《脆く、鋭く、きらきらと》3
閉鎖世界にも雨は降る。
どこまでも続く湿った音が、暗い部屋まで染み込んでくるのが聞こえる。
やっと目を開けると、当然のように寝室のベッドから見上げている天井が見えた。
蛍光灯から延びるヒモが、今日もやる気無さげにだれている。
「……。」
昨日床に着いた記憶がない。掛け布団を剥がすと、上下きちんと寝間着姿だった。
酔っぱらっていても、いなくても、床につく前には全部脱ぎ散らしてパンツ一枚になるのが私の習慣だ。となると、これは恐らくレミィの仕業だろう。
結局、昨日もあいつの世話になってしまったらしい。
もう十分に寝たし、寝床から這い出すにもいい頃合いだ。
だが、どうも床に足を下ろす気になれない。結局、三秒悩んで、また枕の上に沈んだ。
なんだか五十年ほどぶっ続けで眠っていた気がする。そんな疲労にも似た感覚。
レミィとすっかり仲睦まじくなって、それで色恋の全てを知った気になっていた。
だが、それこそクソ餓鬼の勘違いも良いところだった。
私は結局、それらしい雰囲気に酔っていたに過ぎない。
あいつの気なども知らずに、ただ独り善がりに好き勝手振る舞って、それでいていざ真っ直ぐに好意を向けられれば怯んで
やっと居住まいを正して向き合ってみれば、なんだ、自分のちっぽけさと浅ましさ以外にはなにも見えてはこないではないか。
もはやレミィのことが、好きだとか嫌いだとか以前の問題である。
所詮私も、甘酸っぱい勘違いに振り回される小娘であったということか。
情けない。
やはり私は、青春に失敗した残念な図書委員の黒江黒瀬である。
天井めがけて手を伸ばすと、引っ掛かった電気のヒモがゆらゆらゆれる。
レミィは私に"置いていけ"と言った。
その場で「馬鹿をぬかすな」と言えたら、私もまだ立派なやつでいられただろう。
だが、それが言えなかったわけである。
あれを聞いた瞬間、私はいつか自分がレミィをおいていくだろうと、自分で理解してしまったのだ。
4才か5才の頃あれだけ大事にしていた、それこそ世界の全てであったかのようなおもちゃの人形みたいに、ある日押し入れに仕舞ったっきりに、次第に、次第に、埃を積もらせるように忘れてしまう。

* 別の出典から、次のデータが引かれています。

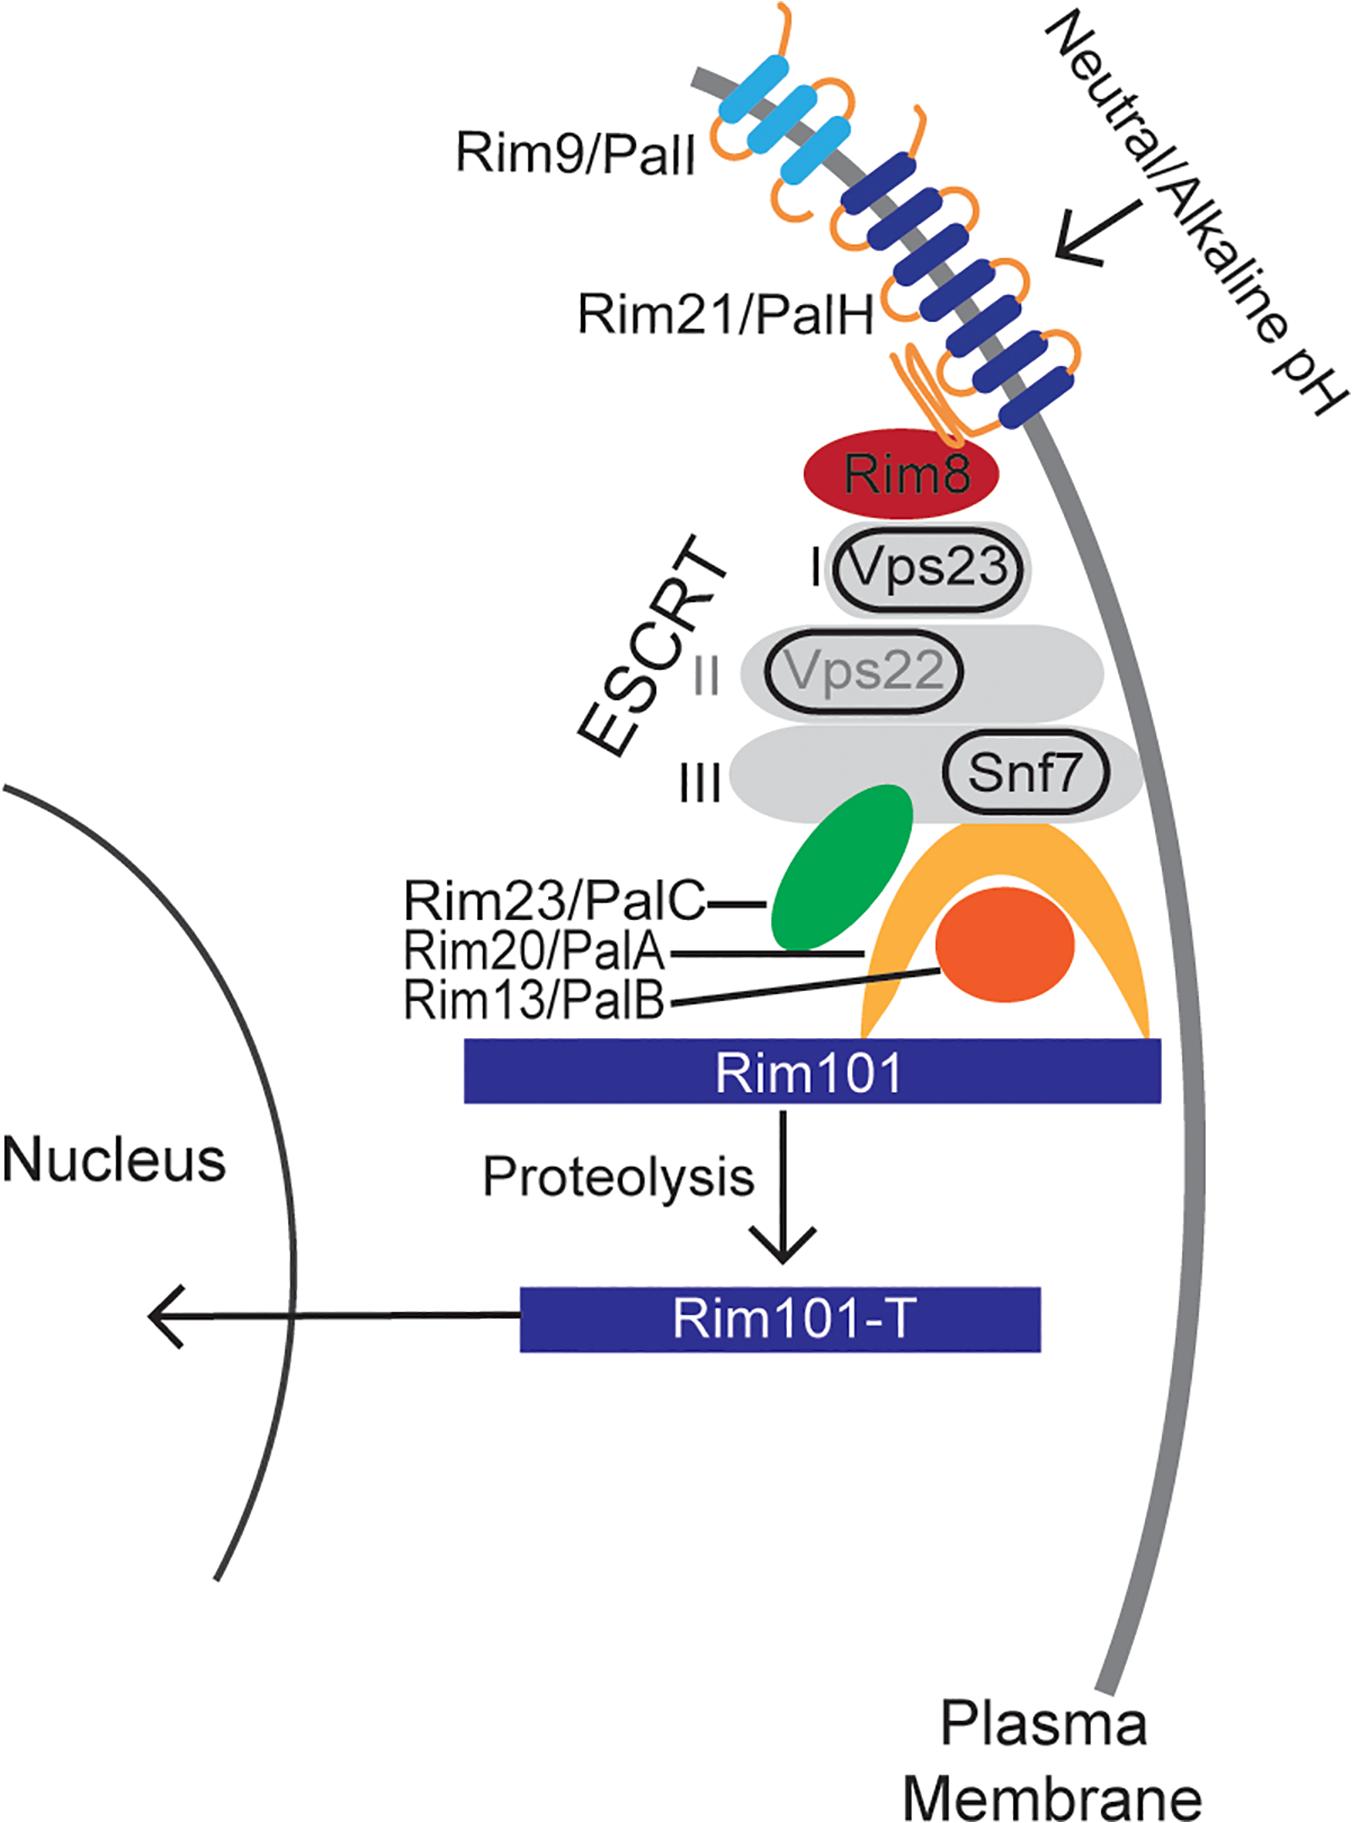 "A model of the canonical Rim pathway elucidated in ascomycete fungi [<em class=""ref"">21</em>,<em class=""ref"">24</em>]."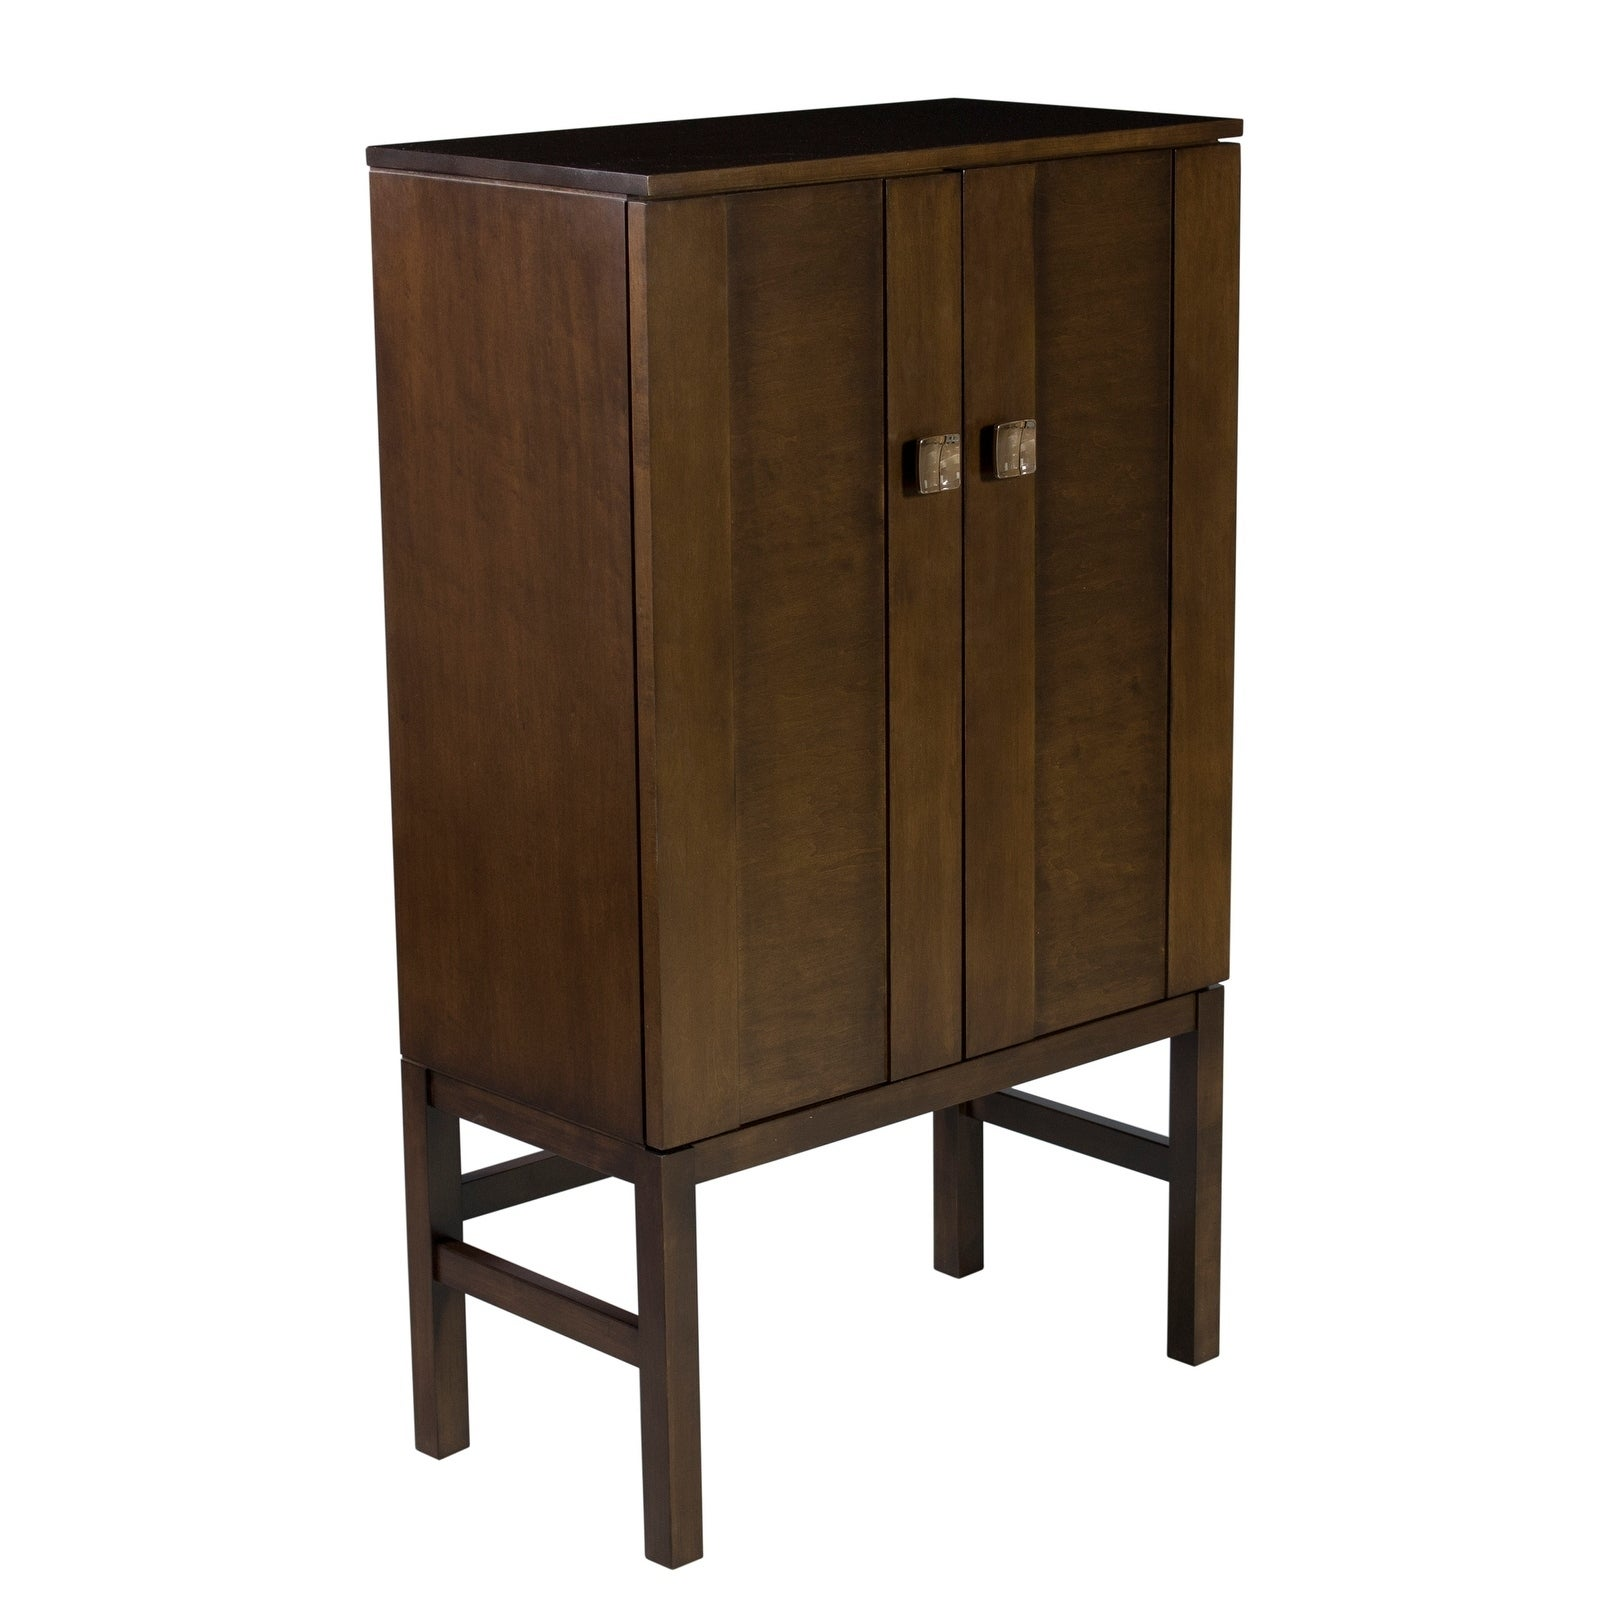 Saloom Furniture Cabinets And Storage

そんな具合でレミィを置いていく未来が、あのときうすぼんやりと見えてしまったのだ。
私は薄情者なのだろうか。
いいや、私に限った話ではないはずだ。この世に生きる者なんて、大凡において隅から隅まで薄情だ。いくら人間という進化の早い猿風情がわめきたてたところで、それは否定のしようがない。
昔、毎日庭先で豆つぶやらパンくずをくれてやっていた鳥だって、あんなに気にかけてやったのに、ある日突然いなくなりやがった。軒下に顔を出す度に煮干しの欠片をやっていた小さい三毛猫だって、いつしか毎回のように鉢植えをひっくり返していく礼儀知らずな畜生になりやがった。
たぶん、大人になるとはそういうことなのだ。
必死こいて葉っぱに貼り付くしかできなかった芋虫が、突然大きな羽を生やして飛んでいくような。
ある日、突然変わって、消えていく。
だが、
いや、だからこそ
そんな世界が、今はすこぶる寂しい。
枕を顔の上に乗せて、小さく唸ってみた。
もちろん、そんなことをして落ち着くものでもないが、それ以外に私には為す術がないのである。
「……」
いっそのこと、自分に目隠ししたまま、永遠にレミィに甘えていようか。芋虫のままで、ずっと貼り付いているのだ。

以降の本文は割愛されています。